Sunday, October 02, 2005

Democracy in Deutschland (addendum vier)

Germany still hasn't sorted out the results of last month's federal election. (I wrote about it here, here, here, and here.) Preliminary results from the postponed election in one of Dresden's districts show Angela Merkel's Christian Democrats ahead of Gerhard Schroeder's Socialists (SPD), but coalition negotiations will continue next week regardless of the outcome there.

There was initially talk of a red-yellow-green "traffic-light coalition" of the SPD, the Free Democrats (FDP), and the Greens, as well as of a black-yellow-green "Jamaica coalition" of the CDU-CSU, the FDP, and the Greens, but it seems that the Greens and the neo-liberal FDP are reluctant to form a government together as junior partners in any such coalition. It now look more likely that the two major parties will form a so-called "grand coalition," though it remains to be seen whether Merkel or Schroeder, or someone else, would become chancellor under such an arrangement. There are rumours that Schroeder is set to resign, but Merkel also has her detractors in the CDU and the CSU (the CDU''s Bavarian sister party), especially after her party's poor showing in the election after leading so formidably in the polls leading up to it.

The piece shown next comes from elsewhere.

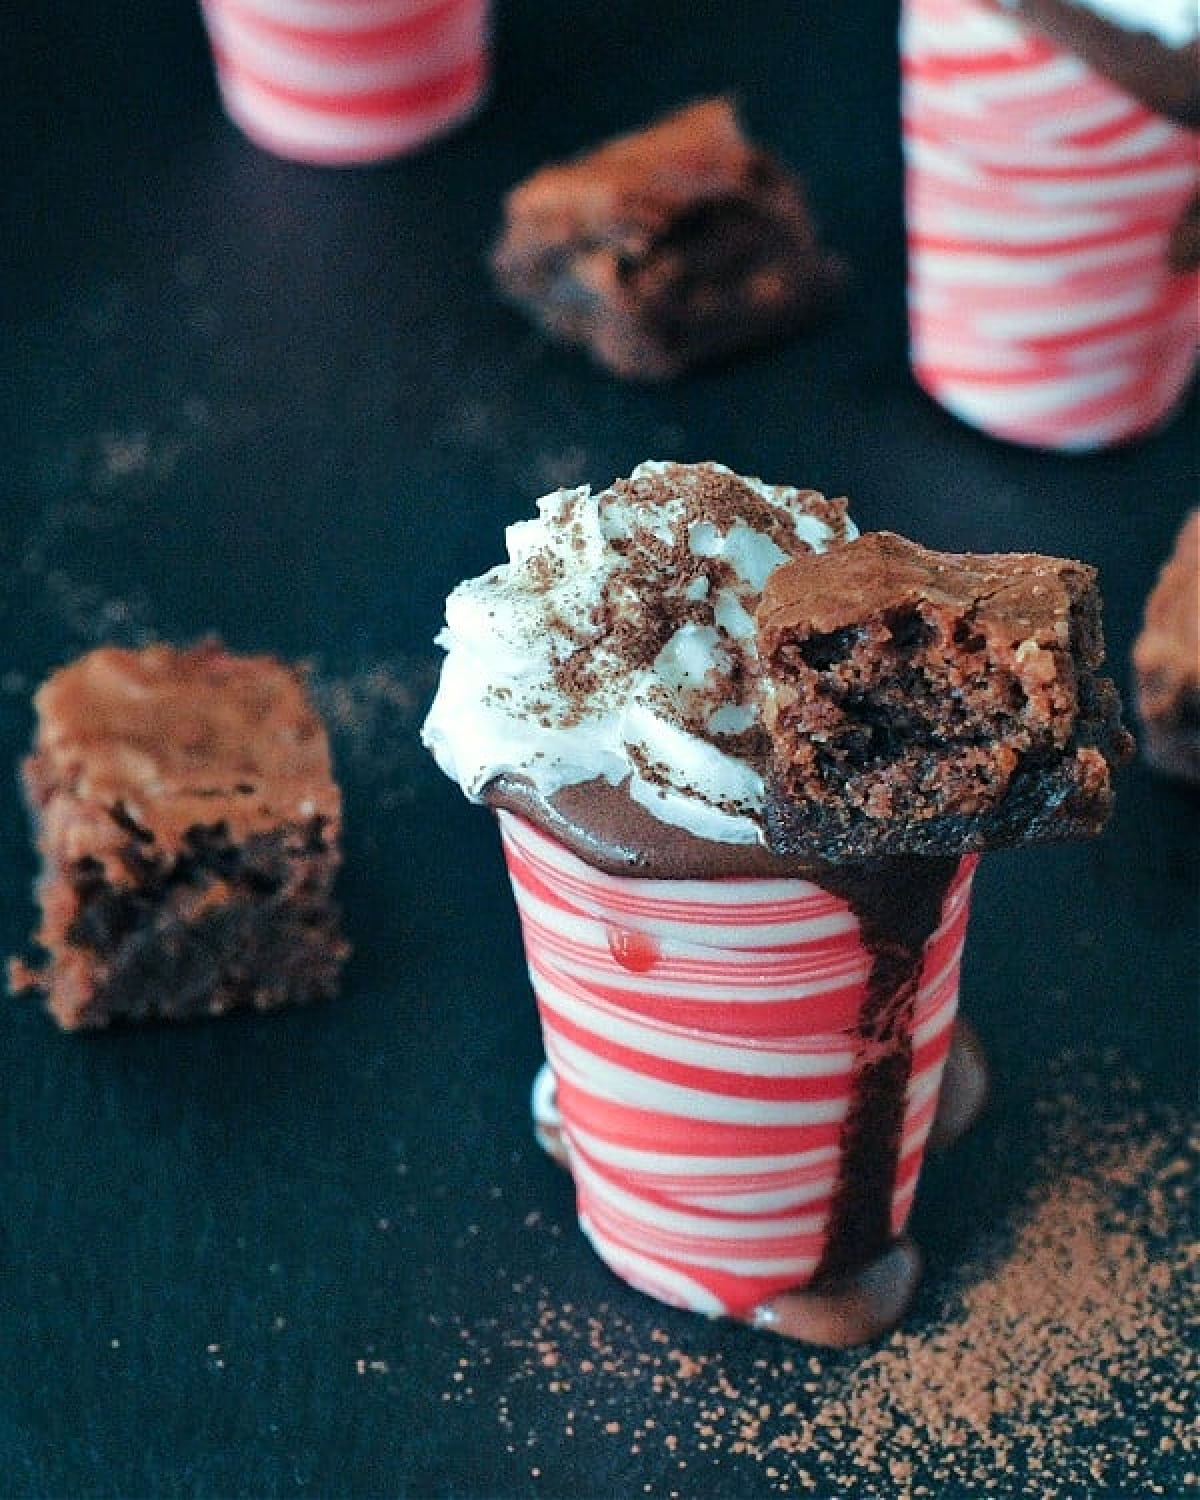 Hot chocolate peppermint shots: hot chocolate in an edible peppermint candy shot glass, topped with whip cream and a small brownie square.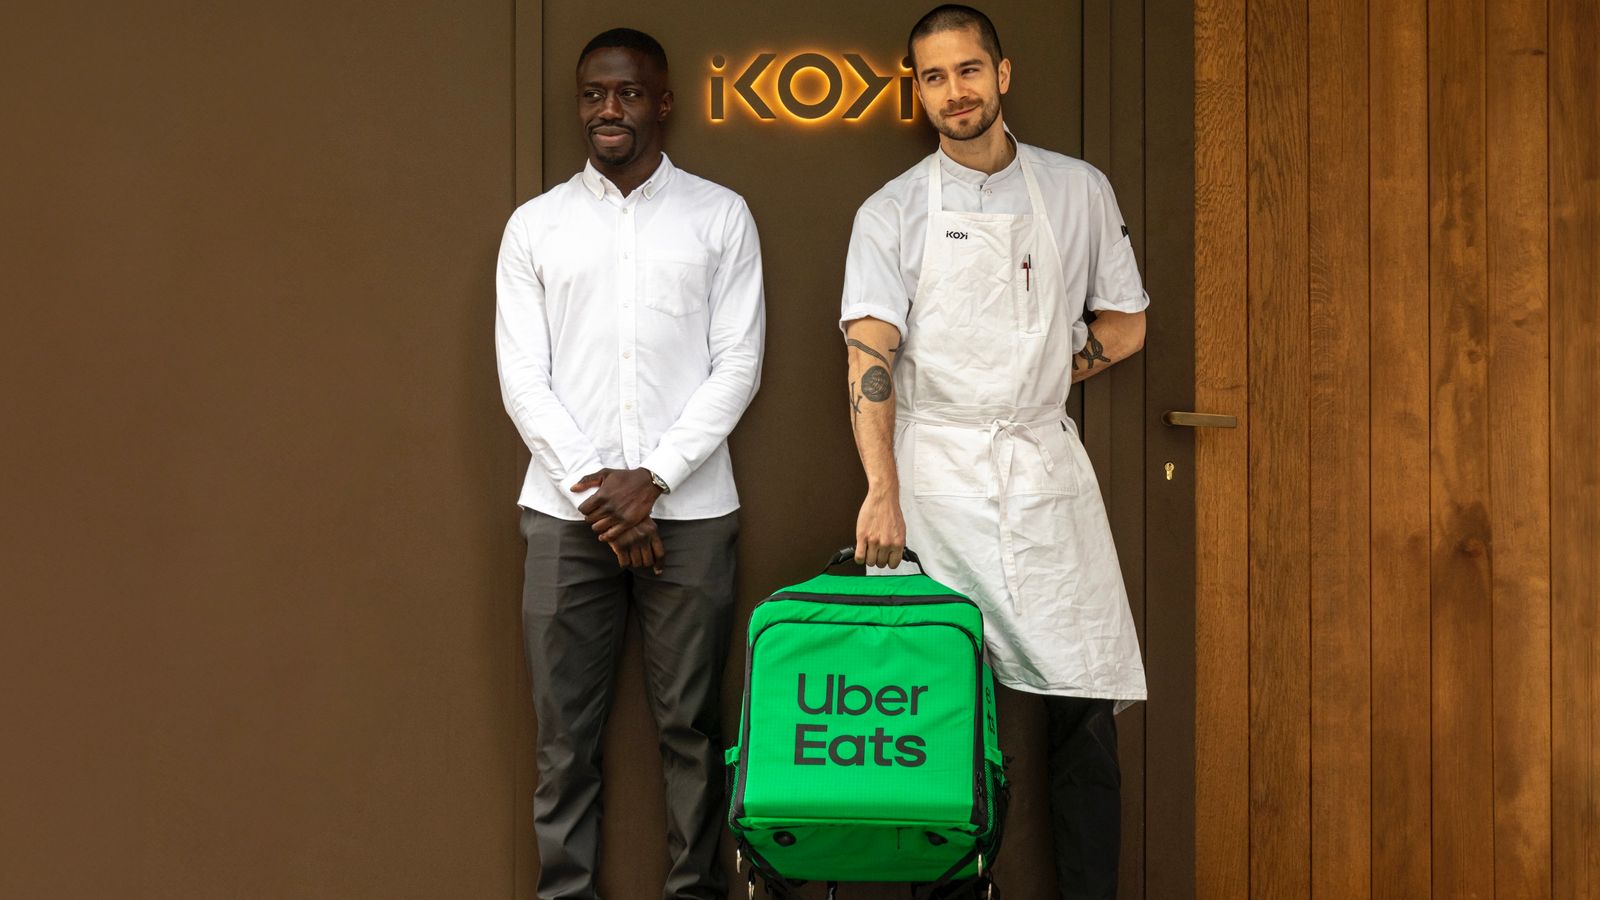 Ikoyi chef justifies £320 tasting menu as he teams up with Uber Eats for 'cheap' delivery option

However, a red-red-green SPD-Left-Greens coalition is still possible, assuming that Schroeder recants on his promise not to negotiate with the Left Party (a union of left-wing SPD dissenters and former East German Communists). So, too, is a CDU-CSU/FDP minority government, or, less likely, an SPD/Greens one. So, too, however, is another election -- neither a "grand coalition" nor a minority government would likely last long.

See here for an excellent analysis of the election's aftermath, "a race to self-destruction".

I'll write more when there are further developments.